--- Data supplied Enclosed Below ---

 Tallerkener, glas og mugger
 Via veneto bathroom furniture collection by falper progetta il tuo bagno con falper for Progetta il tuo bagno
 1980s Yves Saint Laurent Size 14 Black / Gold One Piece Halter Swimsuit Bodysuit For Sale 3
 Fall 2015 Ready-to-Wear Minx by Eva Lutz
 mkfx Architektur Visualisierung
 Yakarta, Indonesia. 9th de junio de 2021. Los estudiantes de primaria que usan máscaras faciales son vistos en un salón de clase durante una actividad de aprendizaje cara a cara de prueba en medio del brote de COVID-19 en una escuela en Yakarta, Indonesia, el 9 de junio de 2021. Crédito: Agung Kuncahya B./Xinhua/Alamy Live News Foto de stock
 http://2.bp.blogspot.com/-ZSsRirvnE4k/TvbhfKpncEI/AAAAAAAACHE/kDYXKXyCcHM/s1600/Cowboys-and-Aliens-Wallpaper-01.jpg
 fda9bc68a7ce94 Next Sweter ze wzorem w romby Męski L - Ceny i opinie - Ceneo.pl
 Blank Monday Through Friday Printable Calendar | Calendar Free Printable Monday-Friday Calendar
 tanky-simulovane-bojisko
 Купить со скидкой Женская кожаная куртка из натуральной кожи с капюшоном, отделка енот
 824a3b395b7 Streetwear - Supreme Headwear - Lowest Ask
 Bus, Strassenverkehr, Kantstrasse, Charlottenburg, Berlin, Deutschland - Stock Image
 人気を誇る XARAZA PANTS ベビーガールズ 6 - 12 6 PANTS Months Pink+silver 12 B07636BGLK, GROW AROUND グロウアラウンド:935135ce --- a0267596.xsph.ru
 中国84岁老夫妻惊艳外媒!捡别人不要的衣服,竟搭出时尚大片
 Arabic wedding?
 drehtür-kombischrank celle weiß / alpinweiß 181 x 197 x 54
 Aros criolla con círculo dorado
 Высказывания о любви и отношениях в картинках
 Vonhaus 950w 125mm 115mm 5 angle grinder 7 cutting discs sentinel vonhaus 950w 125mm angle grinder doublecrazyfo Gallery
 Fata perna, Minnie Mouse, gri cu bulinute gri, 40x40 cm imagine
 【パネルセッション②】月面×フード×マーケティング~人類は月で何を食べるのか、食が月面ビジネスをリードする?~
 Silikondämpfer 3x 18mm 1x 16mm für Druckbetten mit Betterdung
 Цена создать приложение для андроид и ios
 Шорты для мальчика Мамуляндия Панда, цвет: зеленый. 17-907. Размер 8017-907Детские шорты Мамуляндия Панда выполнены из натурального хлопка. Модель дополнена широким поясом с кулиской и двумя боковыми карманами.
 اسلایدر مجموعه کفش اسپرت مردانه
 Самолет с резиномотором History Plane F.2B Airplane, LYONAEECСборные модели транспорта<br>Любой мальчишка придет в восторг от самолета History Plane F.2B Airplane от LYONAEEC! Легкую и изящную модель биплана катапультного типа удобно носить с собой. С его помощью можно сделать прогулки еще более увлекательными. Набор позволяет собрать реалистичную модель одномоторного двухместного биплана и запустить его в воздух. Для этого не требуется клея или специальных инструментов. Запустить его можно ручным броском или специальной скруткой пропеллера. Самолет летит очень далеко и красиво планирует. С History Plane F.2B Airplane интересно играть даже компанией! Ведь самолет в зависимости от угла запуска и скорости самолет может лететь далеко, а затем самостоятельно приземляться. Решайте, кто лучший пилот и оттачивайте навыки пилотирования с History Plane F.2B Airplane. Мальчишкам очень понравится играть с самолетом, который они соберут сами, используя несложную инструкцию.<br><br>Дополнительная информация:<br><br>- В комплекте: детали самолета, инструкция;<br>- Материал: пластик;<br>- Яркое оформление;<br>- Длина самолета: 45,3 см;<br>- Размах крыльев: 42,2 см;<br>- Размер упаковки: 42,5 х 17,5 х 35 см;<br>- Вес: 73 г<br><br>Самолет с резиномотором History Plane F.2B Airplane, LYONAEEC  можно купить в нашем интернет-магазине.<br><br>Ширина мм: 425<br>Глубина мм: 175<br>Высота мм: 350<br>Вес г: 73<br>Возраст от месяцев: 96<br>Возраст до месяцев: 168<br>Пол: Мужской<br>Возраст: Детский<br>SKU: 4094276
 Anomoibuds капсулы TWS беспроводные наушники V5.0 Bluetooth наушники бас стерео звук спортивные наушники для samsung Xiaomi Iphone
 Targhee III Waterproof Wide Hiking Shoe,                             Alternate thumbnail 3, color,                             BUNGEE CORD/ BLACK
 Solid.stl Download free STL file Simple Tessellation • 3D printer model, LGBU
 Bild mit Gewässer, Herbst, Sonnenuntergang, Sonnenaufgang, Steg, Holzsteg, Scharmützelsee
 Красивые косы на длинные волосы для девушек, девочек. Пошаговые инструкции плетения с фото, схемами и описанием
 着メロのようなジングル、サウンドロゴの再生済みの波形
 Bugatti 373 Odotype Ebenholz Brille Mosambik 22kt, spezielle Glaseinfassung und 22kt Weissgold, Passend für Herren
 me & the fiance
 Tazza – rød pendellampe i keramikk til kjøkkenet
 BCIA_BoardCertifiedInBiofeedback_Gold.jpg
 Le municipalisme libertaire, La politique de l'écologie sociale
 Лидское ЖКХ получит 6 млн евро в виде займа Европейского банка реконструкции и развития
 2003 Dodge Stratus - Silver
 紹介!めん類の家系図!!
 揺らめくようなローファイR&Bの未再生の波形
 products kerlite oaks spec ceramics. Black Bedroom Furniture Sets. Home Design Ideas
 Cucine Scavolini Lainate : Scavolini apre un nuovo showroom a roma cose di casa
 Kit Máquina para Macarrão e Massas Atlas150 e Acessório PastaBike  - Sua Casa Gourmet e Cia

--- End of Enclosed Data supplied ---

Work instructions: Set the data down once more, exactly as it stands.

Solution to this exercise:
 Tallerkener, glas og mugger
 Via veneto bathroom furniture collection by falper progetta il tuo bagno con falper for Progetta il tuo bagno
 1980s Yves Saint Laurent Size 14 Black / Gold One Piece Halter Swimsuit Bodysuit For Sale 3
 Fall 2015 Ready-to-Wear Minx by Eva Lutz
 mkfx Architektur Visualisierung
 Yakarta, Indonesia. 9th de junio de 2021. Los estudiantes de primaria que usan máscaras faciales son vistos en un salón de clase durante una actividad de aprendizaje cara a cara de prueba en medio del brote de COVID-19 en una escuela en Yakarta, Indonesia, el 9 de junio de 2021. Crédito: Agung Kuncahya B./Xinhua/Alamy Live News Foto de stock
 http://2.bp.blogspot.com/-ZSsRirvnE4k/TvbhfKpncEI/AAAAAAAACHE/kDYXKXyCcHM/s1600/Cowboys-and-Aliens-Wallpaper-01.jpg
 fda9bc68a7ce94 Next Sweter ze wzorem w romby Męski L - Ceny i opinie - Ceneo.pl
 Blank Monday Through Friday Printable Calendar | Calendar Free Printable Monday-Friday Calendar
 tanky-simulovane-bojisko
 Купить со скидкой Женская кожаная куртка из натуральной кожи с капюшоном, отделка енот
 824a3b395b7 Streetwear - Supreme Headwear - Lowest Ask
 Bus, Strassenverkehr, Kantstrasse, Charlottenburg, Berlin, Deutschland - Stock Image
 人気を誇る XARAZA PANTS ベビーガールズ 6 - 12 6 PANTS Months Pink+silver 12 B07636BGLK, GROW AROUND グロウアラウンド:935135ce --- a0267596.xsph.ru
 中国84岁老夫妻惊艳外媒!捡别人不要的衣服,竟搭出时尚大片
 Arabic wedding?
 drehtür-kombischrank celle weiß / alpinweiß 181 x 197 x 54
 Aros criolla con círculo dorado
 Высказывания о любви и отношениях в картинках
 Vonhaus 950w 125mm 115mm 5 angle grinder 7 cutting discs sentinel vonhaus 950w 125mm angle grinder doublecrazyfo Gallery
 Fata perna, Minnie Mouse, gri cu bulinute gri, 40x40 cm imagine
 【パネルセッション②】月面×フード×マーケティング~人類は月で何を食べるのか、食が月面ビジネスをリードする?~
 Silikondämpfer 3x 18mm 1x 16mm für Druckbetten mit Betterdung
 Цена создать приложение для андроид и ios
 Шорты для мальчика Мамуляндия Панда, цвет: зеленый. 17-907. Размер 8017-907Детские шорты Мамуляндия Панда выполнены из натурального хлопка. Модель дополнена широким поясом с кулиской и двумя боковыми карманами.
 اسلایدر مجموعه کفش اسپرت مردانه
 Самолет с резиномотором History Plane F.2B Airplane, LYONAEECСборные модели транспорта<br>Любой мальчишка придет в восторг от самолета History Plane F.2B Airplane от LYONAEEC! Легкую и изящную модель биплана катапультного типа удобно носить с собой. С его помощью можно сделать прогулки еще более увлекательными. Набор позволяет собрать реалистичную модель одномоторного двухместного биплана и запустить его в воздух. Для этого не требуется клея или специальных инструментов. Запустить его можно ручным броском или специальной скруткой пропеллера. Самолет летит очень далеко и красиво планирует. С History Plane F.2B Airplane интересно играть даже компанией! Ведь самолет в зависимости от угла запуска и скорости самолет может лететь далеко, а затем самостоятельно приземляться. Решайте, кто лучший пилот и оттачивайте навыки пилотирования с History Plane F.2B Airplane. Мальчишкам очень понравится играть с самолетом, который они соберут сами, используя несложную инструкцию.<br><br>Дополнительная информация:<br><br>- В комплекте: детали самолета, инструкция;<br>- Материал: пластик;<br>- Яркое оформление;<br>- Длина самолета: 45,3 см;<br>- Размах крыльев: 42,2 см;<br>- Размер упаковки: 42,5 х 17,5 х 35 см;<br>- Вес: 73 г<br><br>Самолет с резиномотором History Plane F.2B Airplane, LYONAEEC  можно купить в нашем интернет-магазине.<br><br>Ширина мм: 425<br>Глубина мм: 175<br>Высота мм: 350<br>Вес г: 73<br>Возраст от месяцев: 96<br>Возраст до месяцев: 168<br>Пол: Мужской<br>Возраст: Детский<br>SKU: 4094276
 Anomoibuds капсулы TWS беспроводные наушники V5.0 Bluetooth наушники бас стерео звук спортивные наушники для samsung Xiaomi Iphone
 Targhee III Waterproof Wide Hiking Shoe,                             Alternate thumbnail 3, color,                             BUNGEE CORD/ BLACK
 Solid.stl Download free STL file Simple Tessellation • 3D printer model, LGBU
 Bild mit Gewässer, Herbst, Sonnenuntergang, Sonnenaufgang, Steg, Holzsteg, Scharmützelsee
 Красивые косы на длинные волосы для девушек, девочек. Пошаговые инструкции плетения с фото, схемами и описанием
 着メロのようなジングル、サウンドロゴの再生済みの波形
 Bugatti 373 Odotype Ebenholz Brille Mosambik 22kt, spezielle Glaseinfassung und 22kt Weissgold, Passend für Herren
 me & the fiance
 Tazza – rød pendellampe i keramikk til kjøkkenet
 BCIA_BoardCertifiedInBiofeedback_Gold.jpg
 Le municipalisme libertaire, La politique de l'écologie sociale
 Лидское ЖКХ получит 6 млн евро в виде займа Европейского банка реконструкции и развития
 2003 Dodge Stratus - Silver
 紹介!めん類の家系図!!
 揺らめくようなローファイR&Bの未再生の波形
 products kerlite oaks spec ceramics. Black Bedroom Furniture Sets. Home Design Ideas
 Cucine Scavolini Lainate : Scavolini apre un nuovo showroom a roma cose di casa
 Kit Máquina para Macarrão e Massas Atlas150 e Acessório PastaBike  - Sua Casa Gourmet e Cia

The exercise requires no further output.